## Problem details
Pictures stay out; print the rest of the listing below exactly as it stands.

## Recorded information
▼

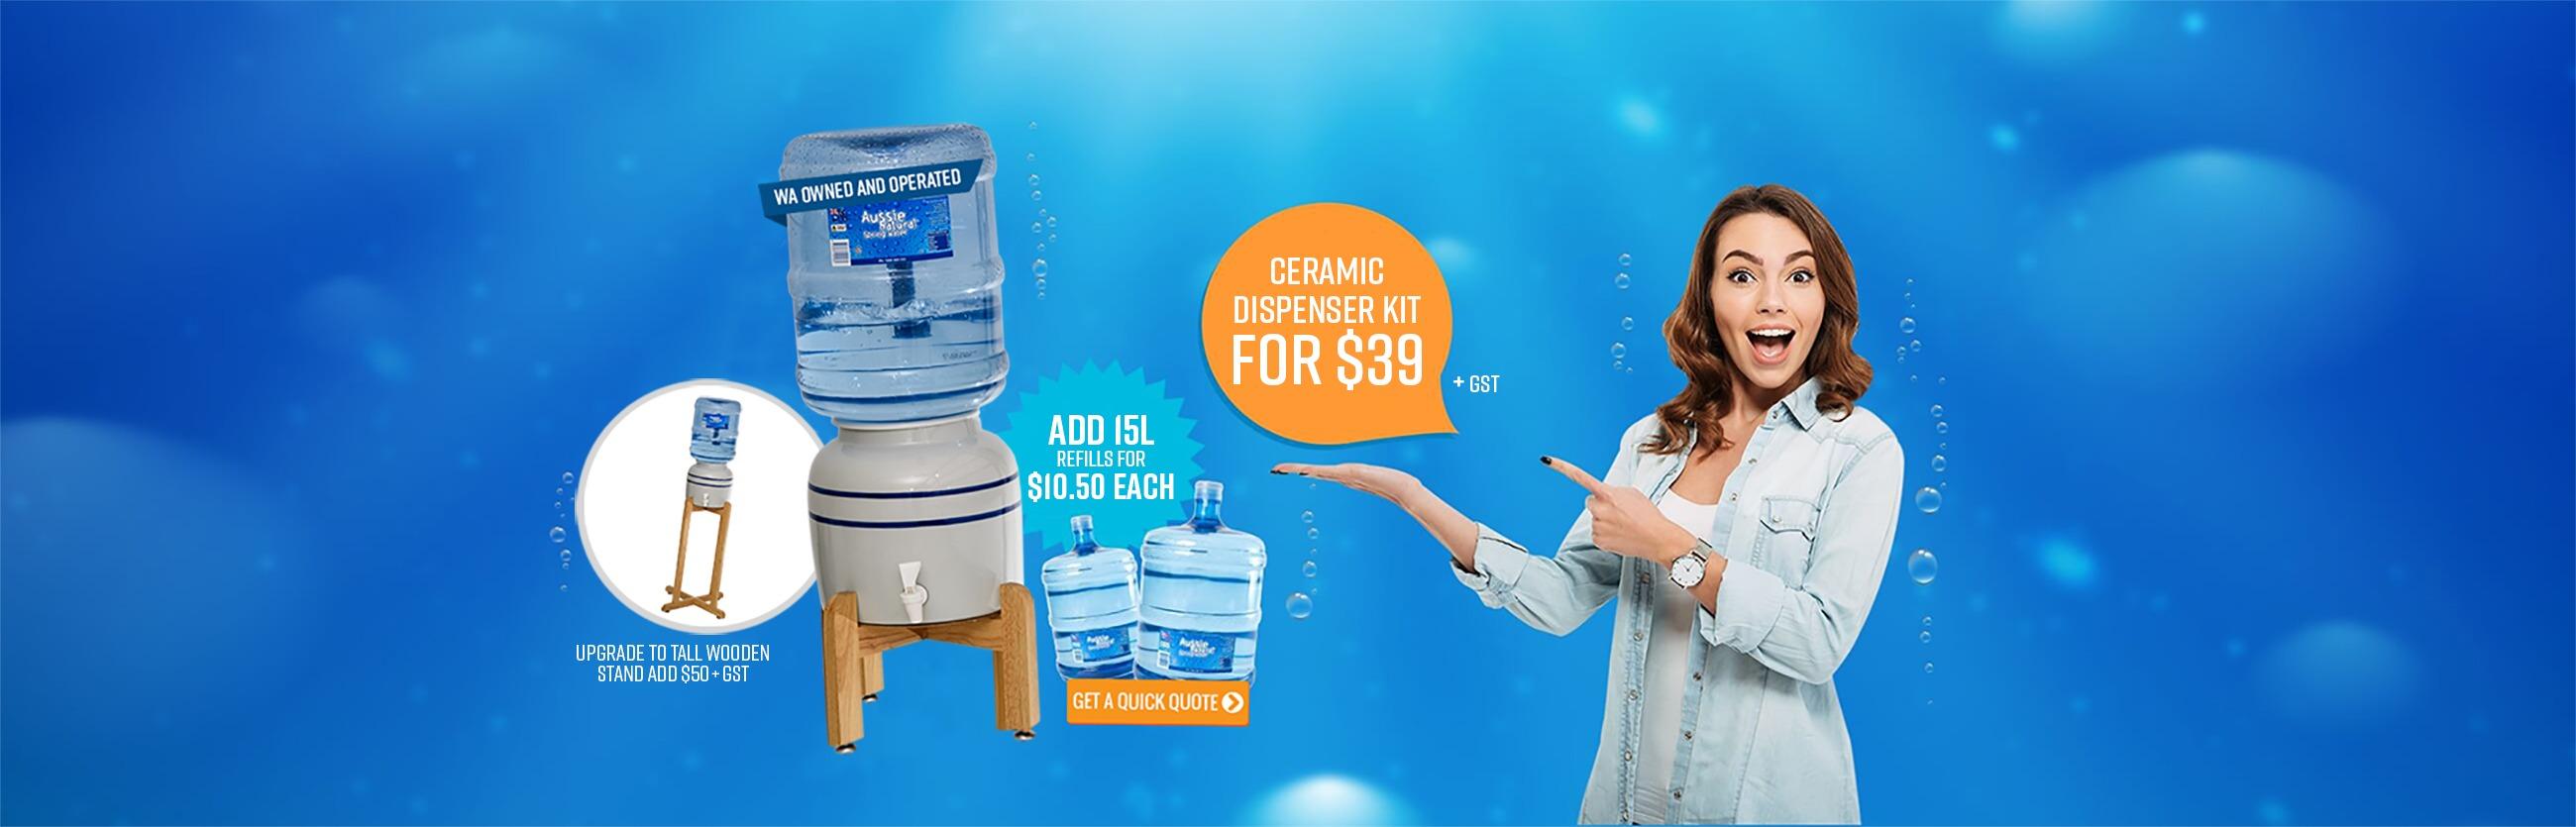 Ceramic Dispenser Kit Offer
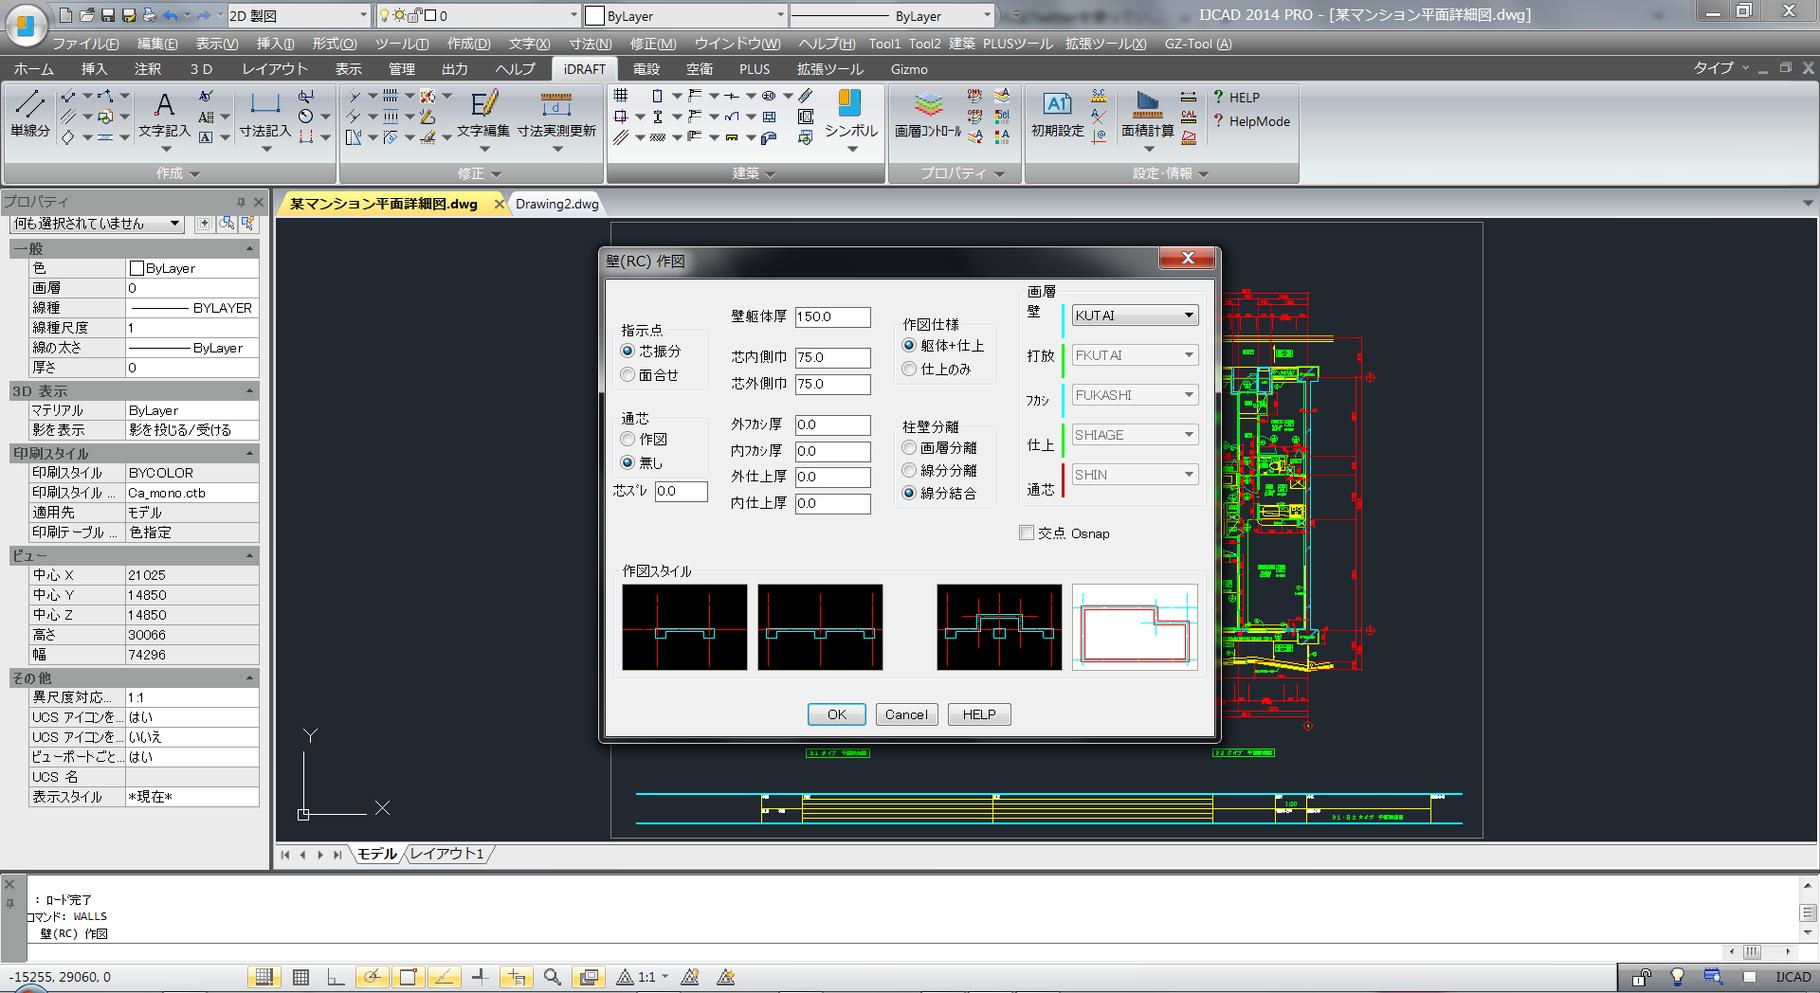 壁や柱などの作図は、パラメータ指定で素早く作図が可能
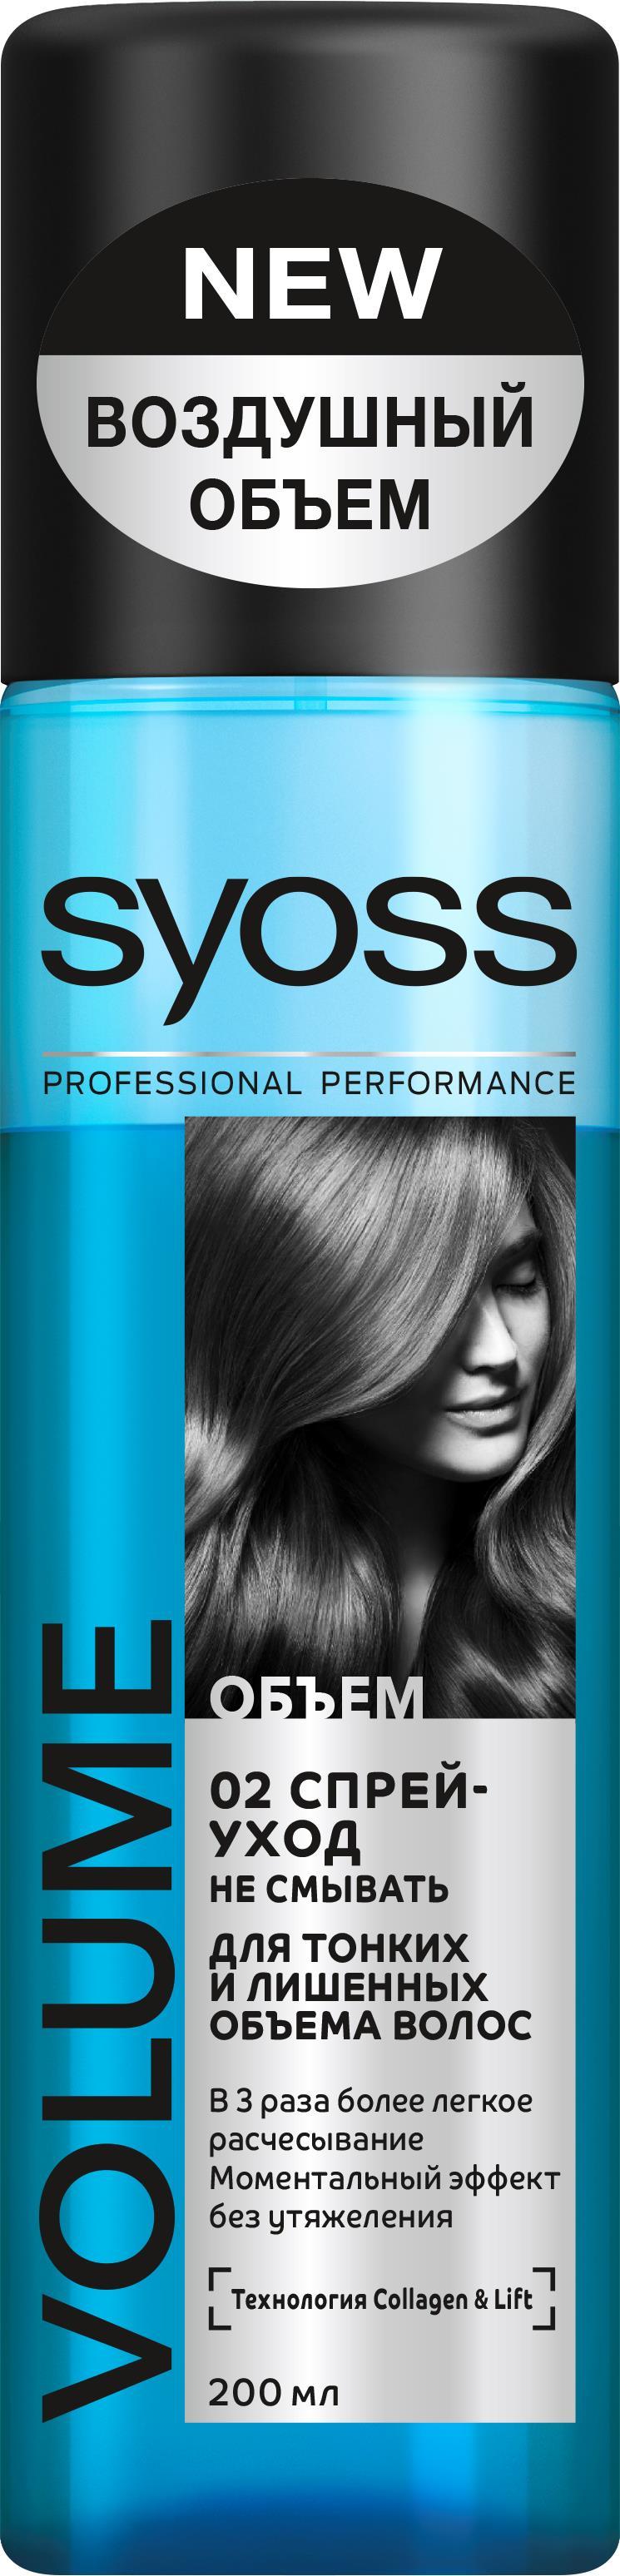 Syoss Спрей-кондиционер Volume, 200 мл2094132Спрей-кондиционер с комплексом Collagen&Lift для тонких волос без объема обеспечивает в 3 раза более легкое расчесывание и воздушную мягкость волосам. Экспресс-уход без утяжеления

▲

## Task response
 Ceramic Dispenser Kit Offer
 壁や柱などの作図は、パラメータ指定で素早く作図が可能
 Syoss Спрей-кондиционер Volume, 200 мл2094132Спрей-кондиционер с комплексом Collagen&Lift для тонких волос без объема обеспечивает в 3 раза более легкое расчесывание и воздушную мягкость волосам. Экспресс-уход без утяжеления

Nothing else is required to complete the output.